Поистине она была и воином и миротворцем! И перед глазами Саксон воскресали забытые предания. Они были полны живых подробностей, так как она много раз вызывала их в своем воображении, хотя они и касались вещей, которых она никогда не видела. Эти подробности, конечно, были плодом ее собственной фантазии: ей ведь никогда не приходилось встречать ни вола, ни дикого индейца, ни степной повозки. И все же она видела перед собой орды этих жаждущих земли англосаксов; они пересекали материк и шли с востока на запад, они мелькали сквозь поднятую тысячами копыт, пронизанную солнцем пыль и были полны трепета и жизни. Они казались ей частью ее самой. Эти предания старины и рассказы о подлинных событиях она слышала из уст живых свидетелей и участников. Ей отчетливо рисовались длинные вереницы повозок, впереди шагают исхудавшие загорелые мужчины, юноши подгоняют ревущих волов, которые падают от усталости и подымаются, чтобы снова упасть. И во всем этом, как легкий челнок, ткущий золотую лучезарную пряжу, мелькает образ ее матери – ее маленькой непокорной мамы, которой минуло и восемь и девять лет, а поход был еще не кончен, – волшебницы и законодательницы, во всяком деле осуществлявшей свою волю, – причем и дело и воля ее всегда были правильны и хороши.
Саксон видела Панча, крошечного скай-терьера с жесткой шерстью и преданными глазами, – Панча (он с таким трудом следовал за путешественниками в течение долгих месяцев), наконец охромевшего и всеми покинутого; и она видела, как Дэзи, эта крошка, спрятала Панча в повозку; видела, как ее одичавший, истощенный старик отец обнаружил этот дополнительный груз, когда волы и без того выбивались из сил, видела его ярость и как он поднял Панча за шиворот. Видела потом, как Дэзи стояла между дулом длинноствольного ружья и собачонкой и как после этого девочка много дней тащилась, спотыкаясь, по солончакам среди зноя и пыли, поднимаемой повозками, держа на руках, словно ребенка, больную собаку.
Но живее всего вставала перед Саксон битва при Литтл-Мэдоу. Дэзи одета, как на праздник, в белое платье, опоясанное лентой, с лентами и круглой гребенкой в волосах, с маленькими ведерками в руках; вот она выходит из-под прикрытия поставленных полукругом и сцепленных колесами фургонов, где раненые кричат в бреду и грезят о холодных родниках, шагает по залитой солнцем, поросшей цветами луговине, мимо оцепеневших от изумления вооруженных индейцев, к водоему за сто ярдов и – возвращается обратно.
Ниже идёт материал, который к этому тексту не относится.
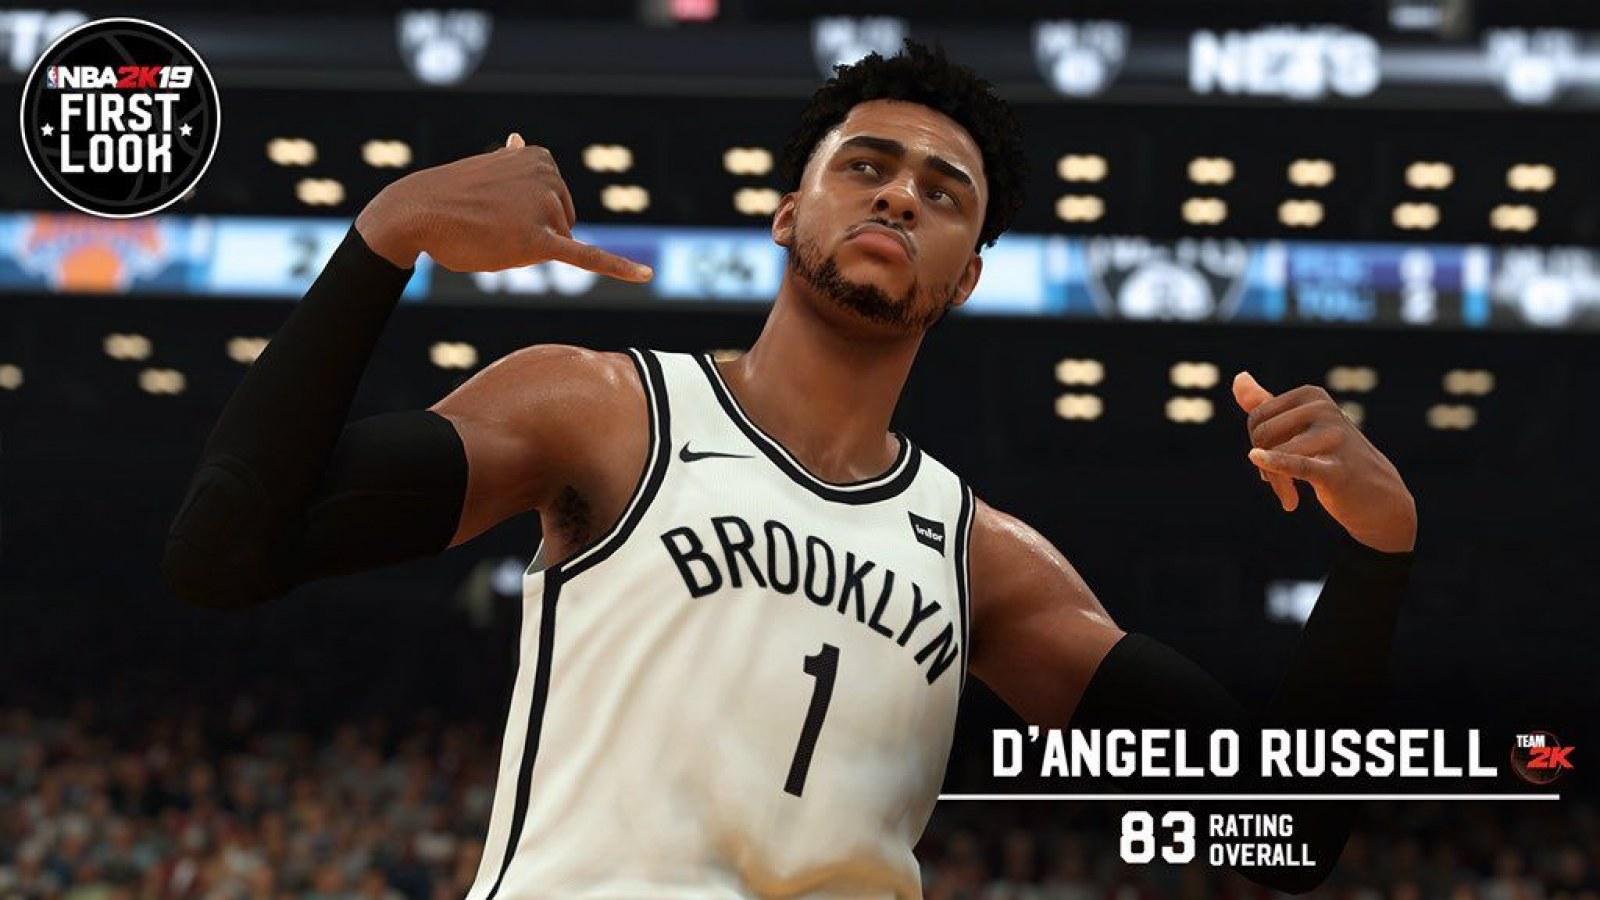 3aad834605c 'NBA 2K19' Player Ratings List: LeBron James, DeMar DeRozan & More

Саксон с горячим благоговением поцеловала атласный испанский корсаж, торопливо свернула его и с еще влажными глазами решила больше не грезить ни об обожаемой матери, ни о странных загадках жизни.
И все-таки, лежа в постели, она снова вызвала в своем воображении те немногие, но важные для нее сцены, где участвовала ее мать и которые память сохранила ей с детства. Она больше всего любила засыпать именно так – унося с собой в подобную смерти пропасть сна запечатленный в меркнущем сознании образ матери. Но это не была ни Дэзи из прерий, ни Дэзи с дагерротипа. Та Дэзи существовала до Саксон. Мать, с образом которой она засыпала, была намного старше – измученное бессонницей, мужественно-скорбное, бледное, хрупкое и тихое существо, которое держалось только напряжением воли и только напряжением воли не допускало себя до сумасшествия, но чья воля не могла побороть бессонницу, – ни один врач не в силах был дать бедняжке ни минуты сна. И вот она бродила, бродила по дому, от постели к креслу и опять к постели, в течение долгих мучительных дней и месяцев, никогда не жалуясь, хотя ее неизменно улыбавшиеся губы кривились от боли. И ее умные серые глаза – все еще серые, все еще умные – стали огромными и глубоко запали.